Time Warner should be focusing on making it easy for content providers to get higher bandwidth streaming content hosted (if on-demand) or replicated (if live streams) into their network, from which they could easily pass it along to me at 10 or 15Mbps, resulting in significantly higher quality video.
They could either charge content providers (like ABC/Disney) for their content distribution services which enable an unsurpassed customer experience (possibly even charged at variable rates subject to SLA as monitored by end-user equipment), charge customers to access this premium experience (charge one rate for internet access with “wish you the best” experience, and an additional fee for access to this premium CDN), or a mix of the two.
I’ve got an LG BD570 on the way, which is a Blu-Ray player which supports streaming of Netflix, VUDU, CinemaNow, Youtube, Pandora, and media from my home network over DLNA. It hasn’t been delivered yet, but I’m well on my way to being my own CDN. If they’d provide a highly-accessible CDN, and access to it through a set-top box open to whatever applications whether they use the CDN or not, they could offer a hell of an experience. And they could extend the CDN into my house using one of my set top boxes as a CDN node of sorts.
Did Comcast GetIt(tm) with its rebranding as xfinity? Might that be where they’re heading?
Cablevision’s Optimum Online services have always been a cut above the internet offerings from Comcast and Time Warner. Maybe they can “get it”, give in for now, and then change their business model to be someone whose services are actually in demand, wanted by both the content providers and end users. Rather than being a proxy for licensing battles, they can step out of the way of the content providers’ licensing models, offering infrastructure that seamlessly handles a feature set that supports the licensing models of choice of the content providers, and allow users to handle the battle over licensing.
Get out of being in the middle of the problem, and get into the middle of the solution. There’s something wonderfully empowering in the business model being focused specifically on the level of service provided — it ties business success with customer experience, a wonderful feedback loop.
Wouldn’t it be nice to want to do business with the cable company?

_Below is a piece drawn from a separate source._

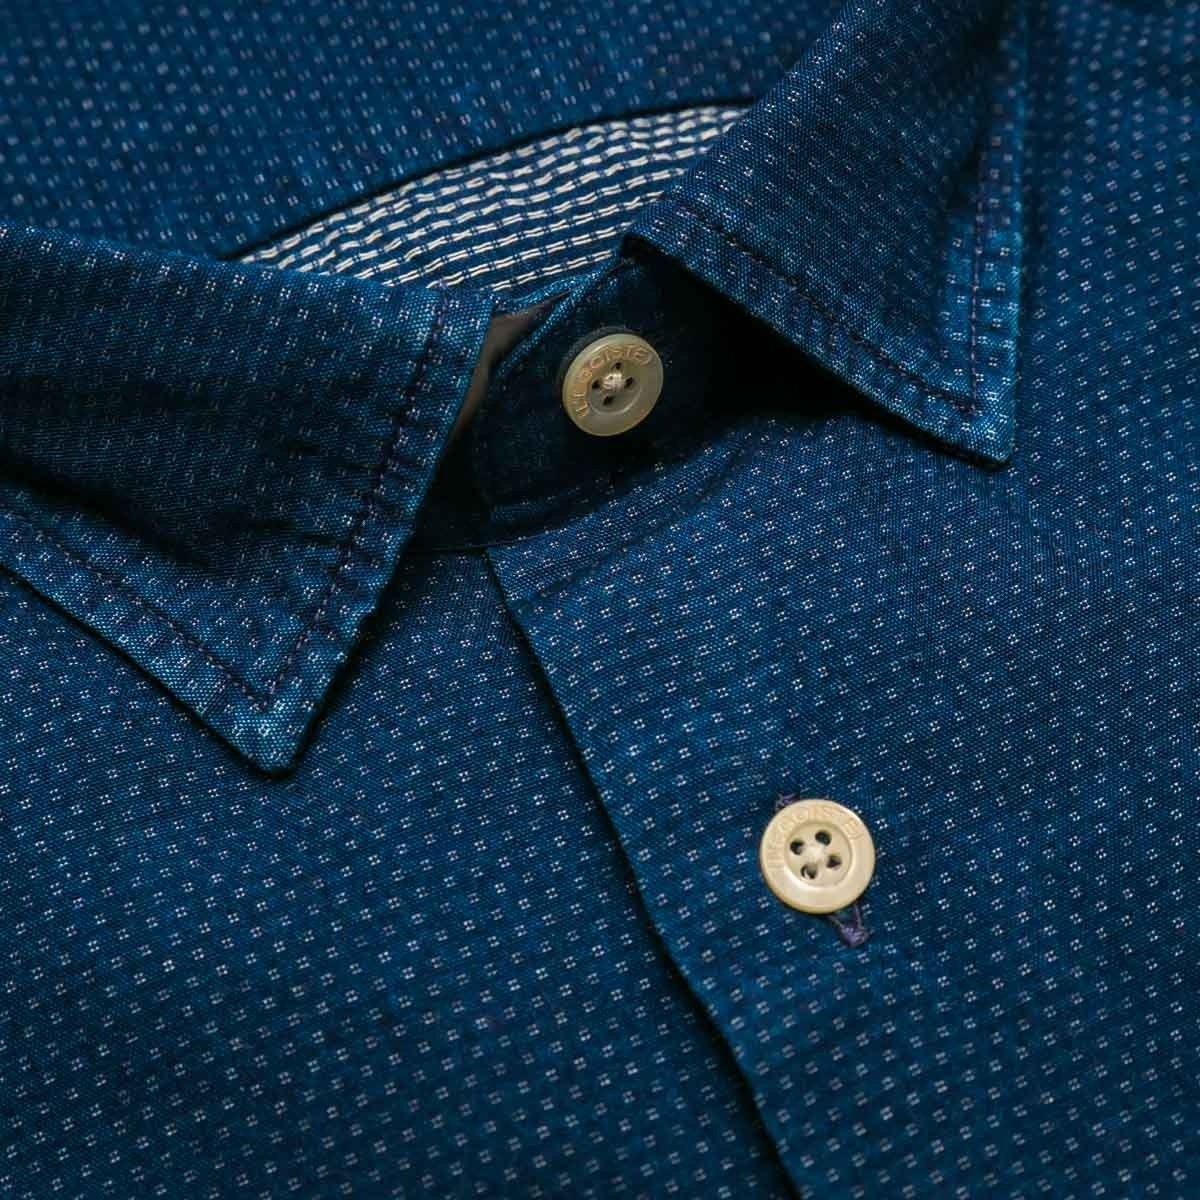 chemise-en-denim-bleu-fonce-manches-longues-pour-homme-detail-col

Were they also to establish an open licensing authorization platform, they could provide content providers a platform to authorize access to content based upon the licensor’s business model, and provide sublicensing to content aggregators targeting specific verticals. They’d sell services to content providers (licensors), curators (aggregators based upon value-add with a sublicensing business model), as well as to end users (aggregation of licensing into packages or a la carte bundles for retail sale).
If you make the rights management reasonable, CableCompany, you can open your own iTunes-like content licensing store on this platform. You can get revenue from transaction fees on the sublicensing, and be transparent about it. You’d be a “cloud service”, and could bill based upon usage, and drive usage through an exemplary customer experience.
Or you can wait, and die off when someone else does this. Look out for FiOS and Google. Verizon’s got everything to gain about getting high ARPU internet services rolled out, and don’t have the same legacy mindset about content licensing that you do. And Google’s gigabit-to-the-home is probably actually just an attempt to wake you up to get you to do this for their benefit as well.
Be the open and transparent good guys and innovate to the future, or be the hated bad guys and become irrelevant. Your choice.